■ **Your task**: For this exercise, please transcribe exactly and only the lines from the one containing "It has been" through the end of the material, both ends included, without pictures.

■ **Supplied data**:
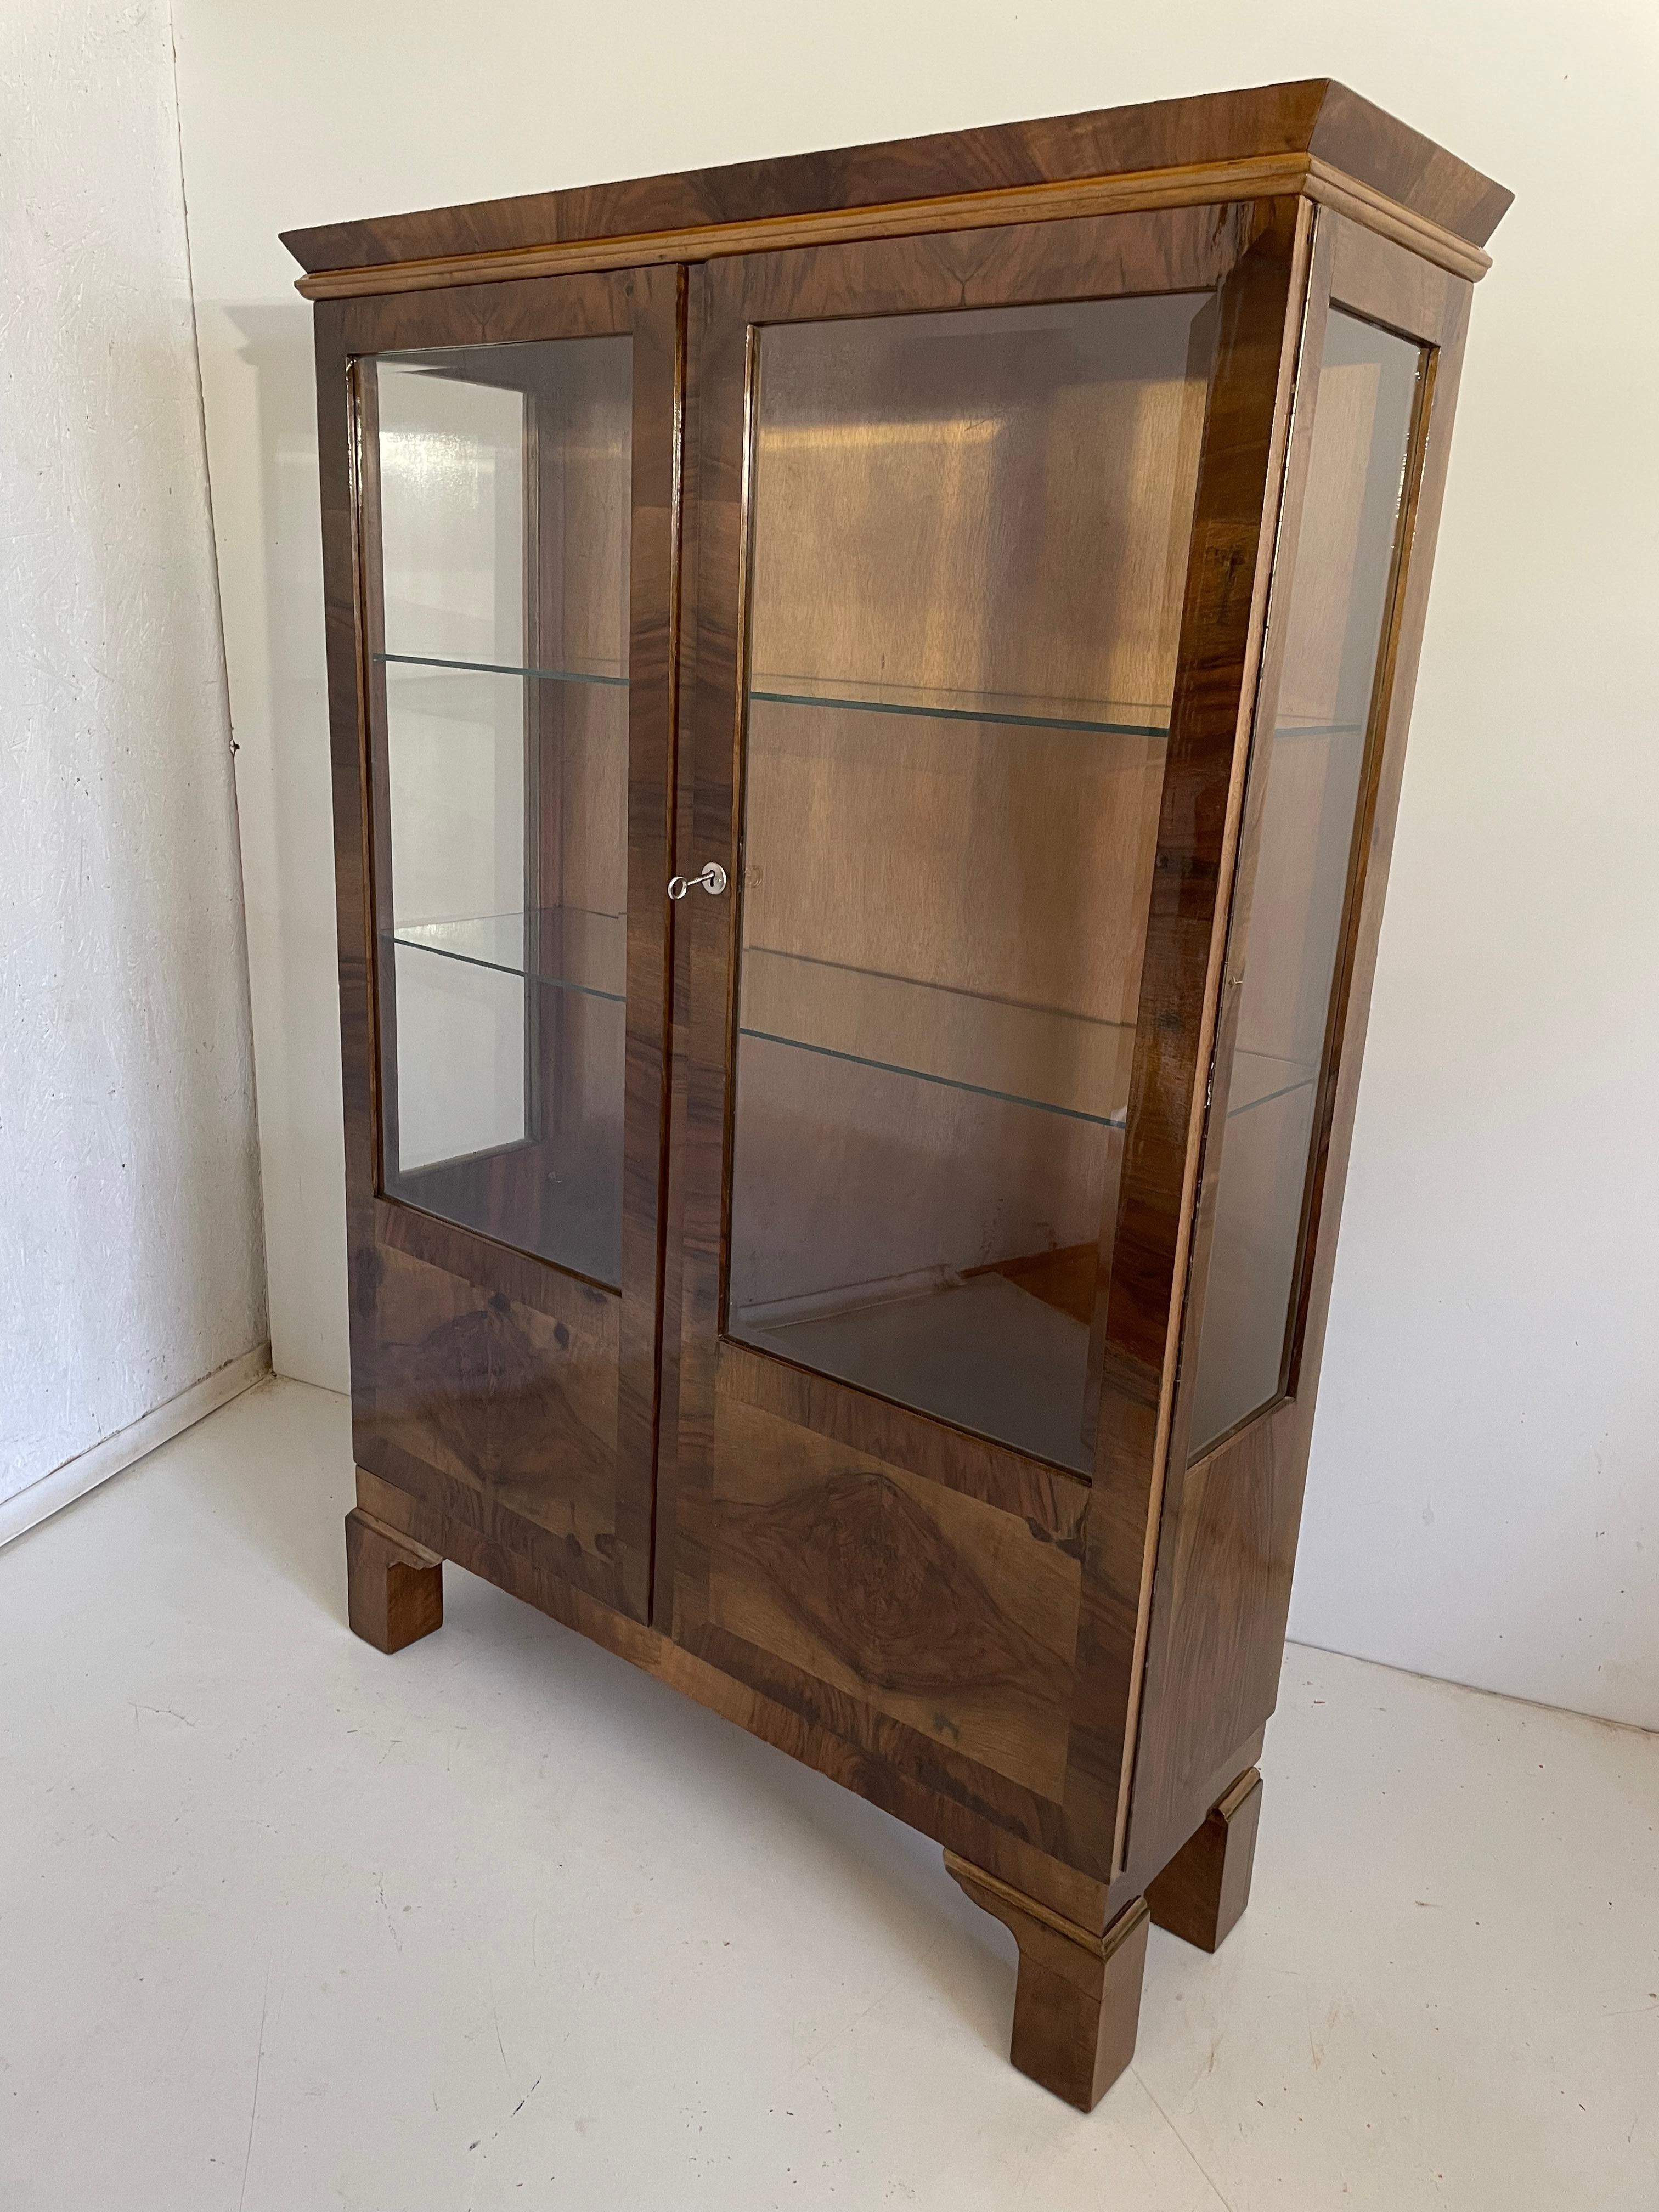 We present a made to order unique designer Art Deco showcase from 1950

It has been cleaned to bare veneer, disinfected and finished by hand with high gloss shellac polish.

Every piece of furniture that leaves our workshop from the beginning to the
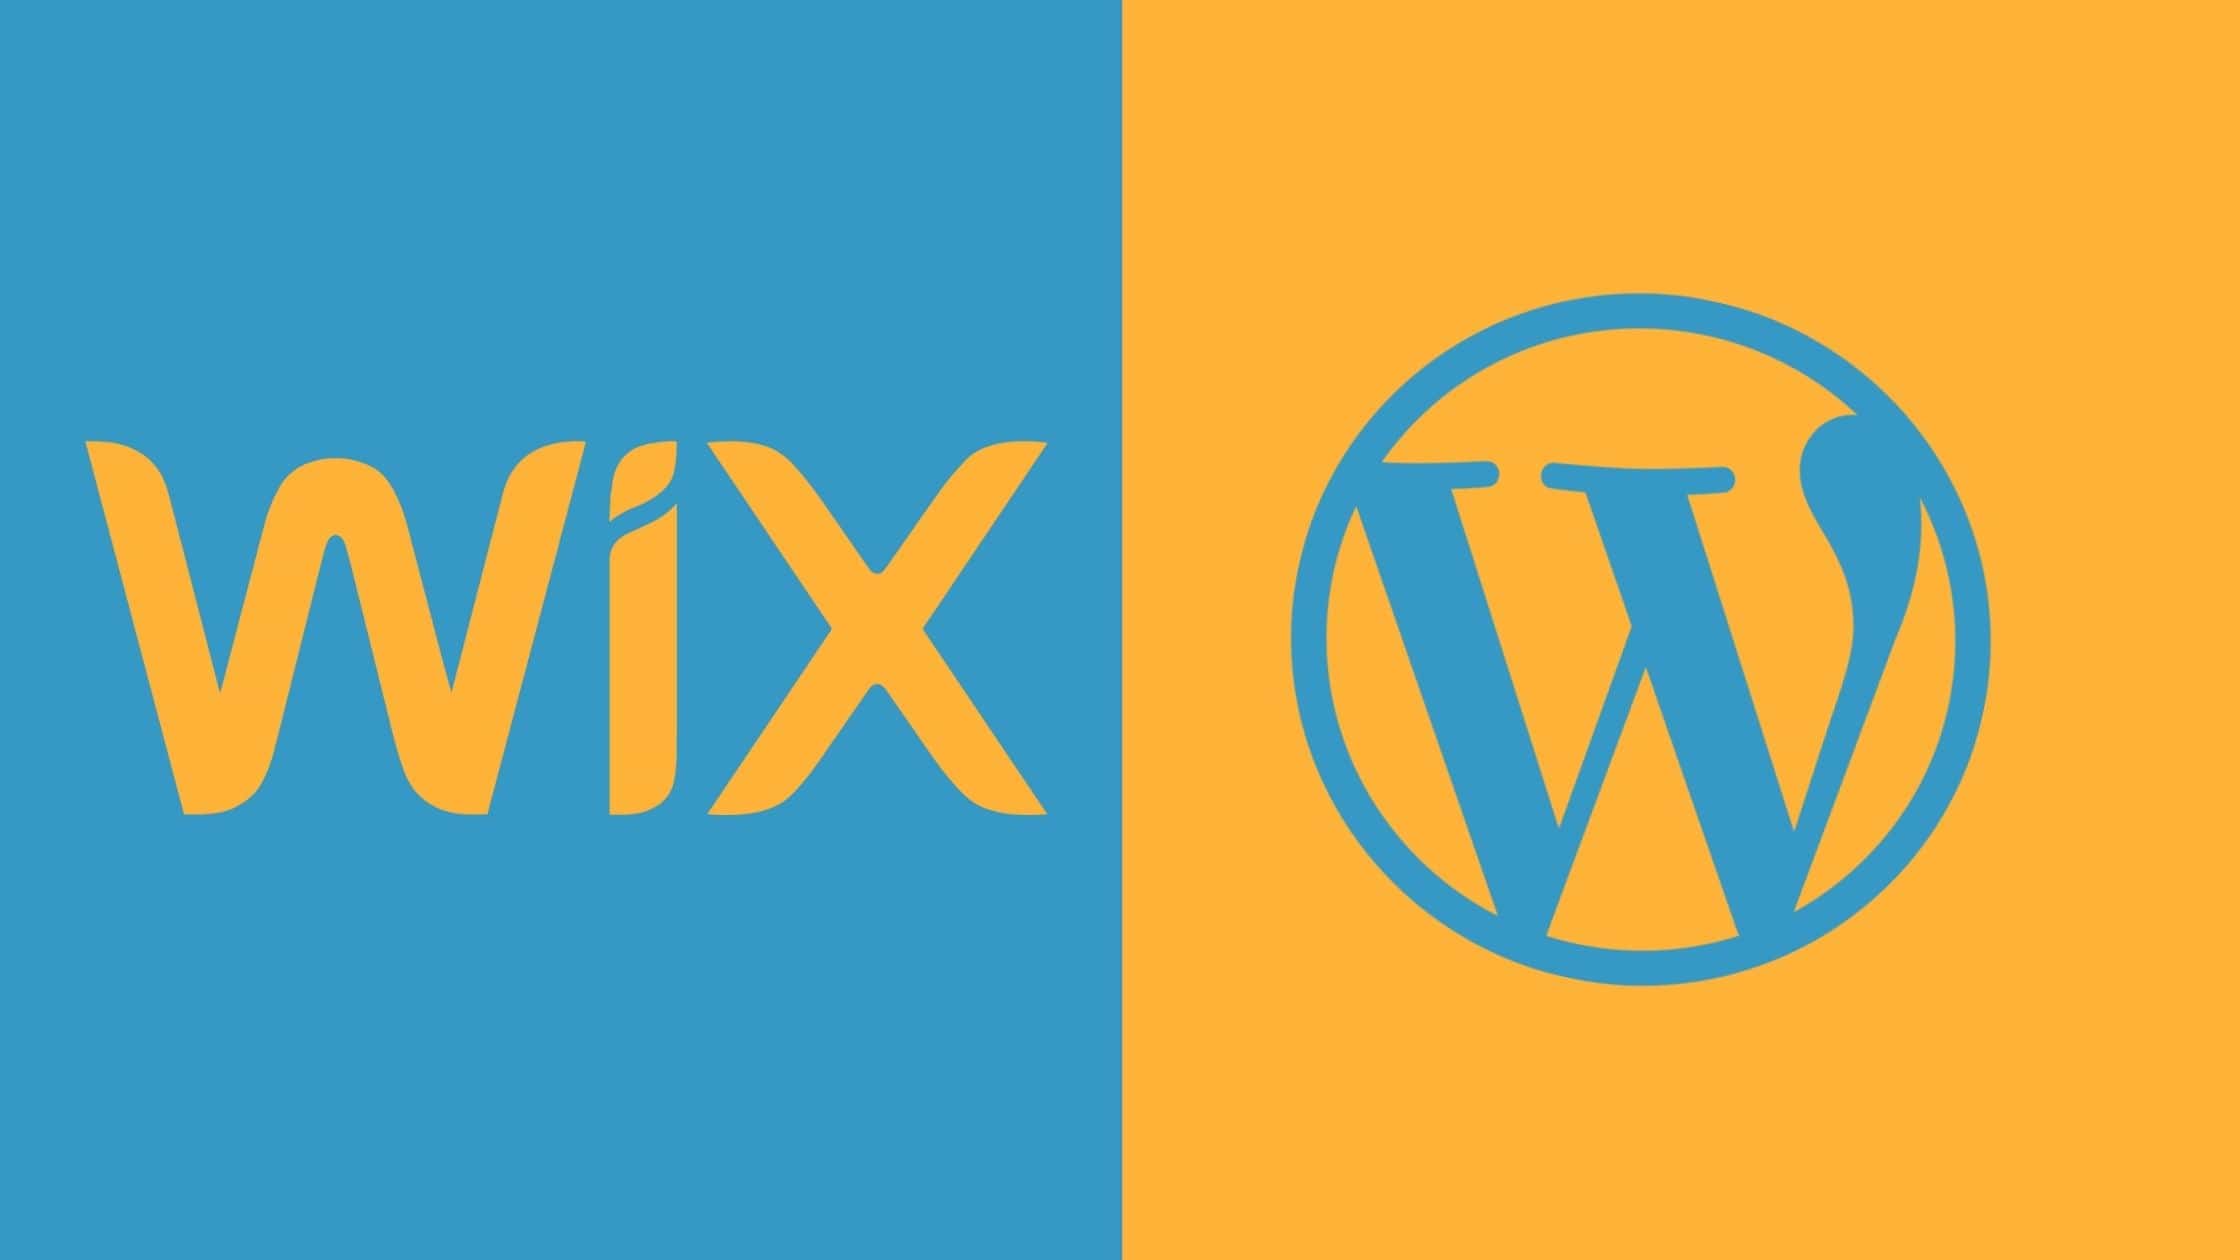 Wix Vs WordPress: Which Is The Better Platform To Build A Website?

■ **Answer section**:
It has been cleaned to bare veneer, disinfected and finished by hand with high gloss shellac polish.

Every piece of furniture that leaves our workshop from the beginning to the
 Wix Vs WordPress: Which Is The Better Platform To Build A Website?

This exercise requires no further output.